Действительно ли она так думала или хотела меня в том убедить, но моя блажь никуда не делась, а стала угрюмой решимостью, и я уже ни о чем другом не мог думать и говорить, кроме как о нашей будущей жизни. Она меня слушала внимательно и недоверчиво, как ту даму в цветаевском доме. Но потом мы доходили до пустыря возле Черемушкинского рынка, за которым начиналась чужая для меня земля, и все рушилось в одночасье.

Она брала из моих рук свою сумку, и я отчетливо понимал, что вот сейчас она уйдет и никто и ничто не сможет ее остановить, потому что если я хочу, чтобы наши отношения сохранились, я должен все это принимать. И я принимал, но в моих глазах всякий раз проскальзывала, как я ее ни скрывал, такая боль, что однажды она сама не выдержала и, дотронувшись до моего лица, проговорила:

– Ты думаешь, мне туда хочется? – она кивнула в сторону домов с освещенными окнами. – Если бы я могла уйти, ничего не прося у мужа и не деля с ним, просто взять ребенка и уйти, я сделала бы это тотчас же. Но так у нас не получится, а иначе я не могу.

Она сказала это и медленно побрела через пустырь, и в тот момент показалась мне маленькой, растерянной и беззащитной. И в душе возникла не обида, как обычно, когда она уходила скорыми шагами прочь, а жалость и впервые за все это время мысль, что ведь ей-то, быть может, все дается еще тяжелее.

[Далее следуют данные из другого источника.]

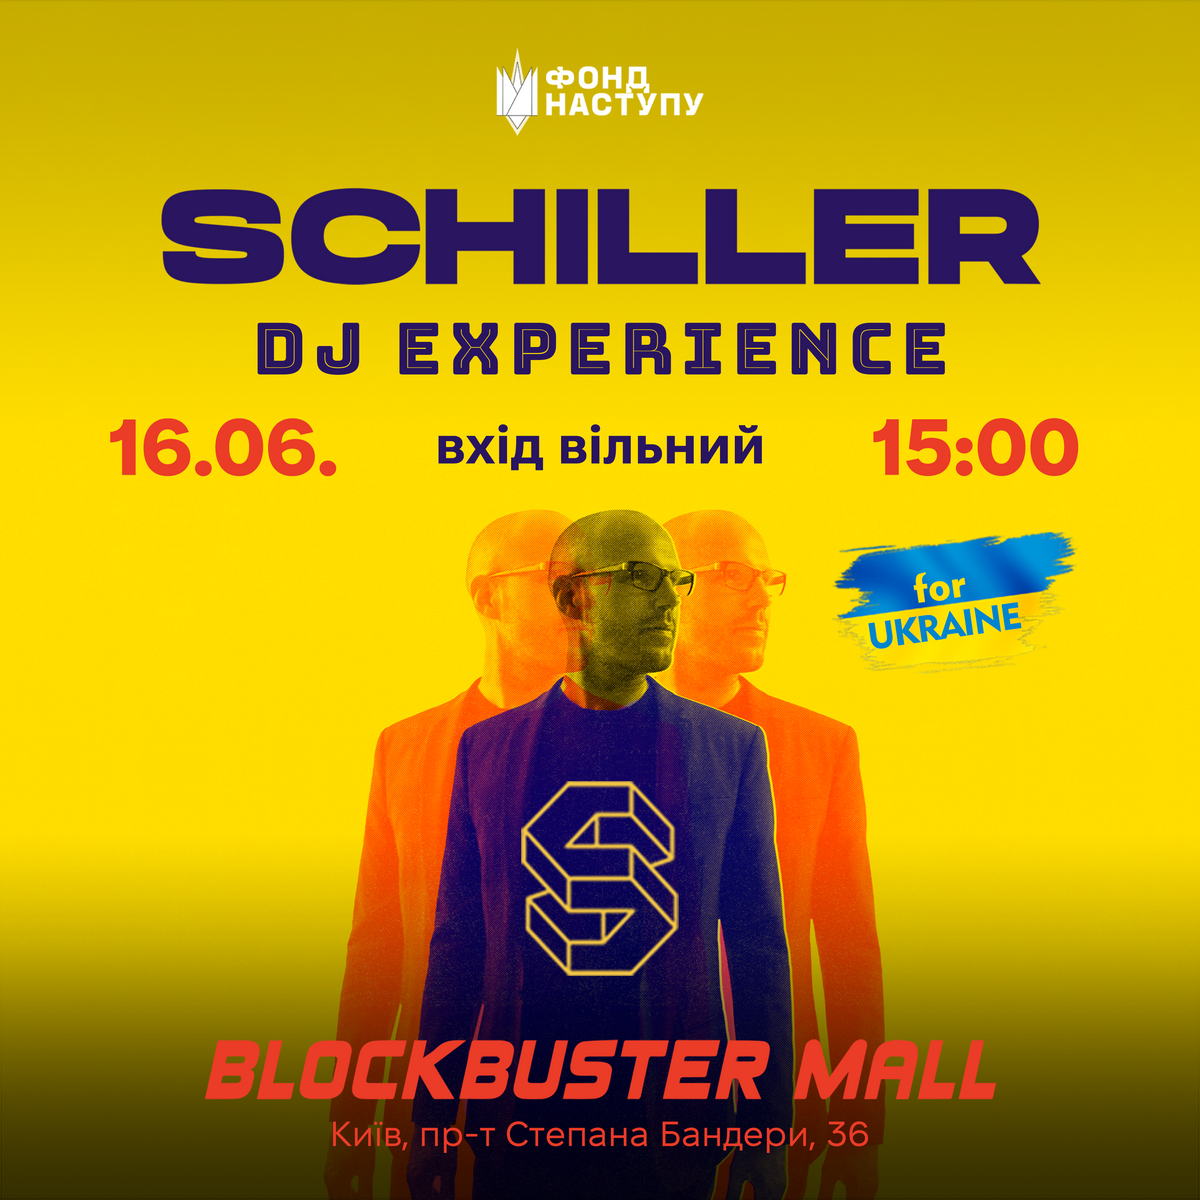 SCHILLER посетит Blockbuster Mall 16 июня!

С того дня моя жизнь, и без того муторная и тревожная, стала походить на дурной сон. Я судорожно пытался найти какой-нибудь выход, но никакого выхода не было и не могло быть – пройдут два года и меня выкинут вон из этого города как никому не нужную вещь. Однако мысль, что любимая мною женщина вынуждена жить с человеком, которого она не любит, делала мою жизнь невыносимой. В душе поднималась злость ко всему, что меня окружало, – и к этому городу, и к равнодушным лицам его обитателей, полюбивших в тот год шествовать и митинговать. Боже, Боже, до какой же степени я был раздавлен и унижен, и бессмысленно было на что-то надеяться, моя судьба здесь никого не волновала, но и не зависела от меня нисколько.

Я слишком хорошо понимал, что, как бы ни были мы привязаны друг к другу, наши отношения, дойдя до верхней точки, за которой надо либо начинать жить вместе, либо расставаться, сойдут на нет, не выдержат этой бесприютности, и она к этому давно готова, быть может поняла это еще в самые первые недели наших блужданий по Москве, может быть, еще в том цветаевском домике, уже тогда все это предвидела и знала, не позволяла себе отнестись к этой истории всерьез, и меня неприятно поразила женская точность этого расчета.

На лето я уехал к себе на родину и прожил с полмесяца в избушке на Вычегде, где был мой привычный мир с белами ночами, тяжелой сонной водой, плотами и всплесками рыб, но тоска по оставшейся в далеком городе женщине не проходила. Мне не хватало ее и чудилось, что каким-то неведомым образом она окажется сейчас рядом, сядет у костра или войдет в зимовье. Ее отсутствие томило и угнетало меня, и очень скоро я все бросил и поехал в Москву.

– А я думала, вы меня уже забыли, – сказала она, улыбаясь и протягивая обе руки.

Мы поехали на следующий день в Мелихово, и были одни во всей усадьбе. Бродили по маленькому дому, рвали яблоки в саду, а потом шли пешком до трассы и вернулись в город счастливые, как дети.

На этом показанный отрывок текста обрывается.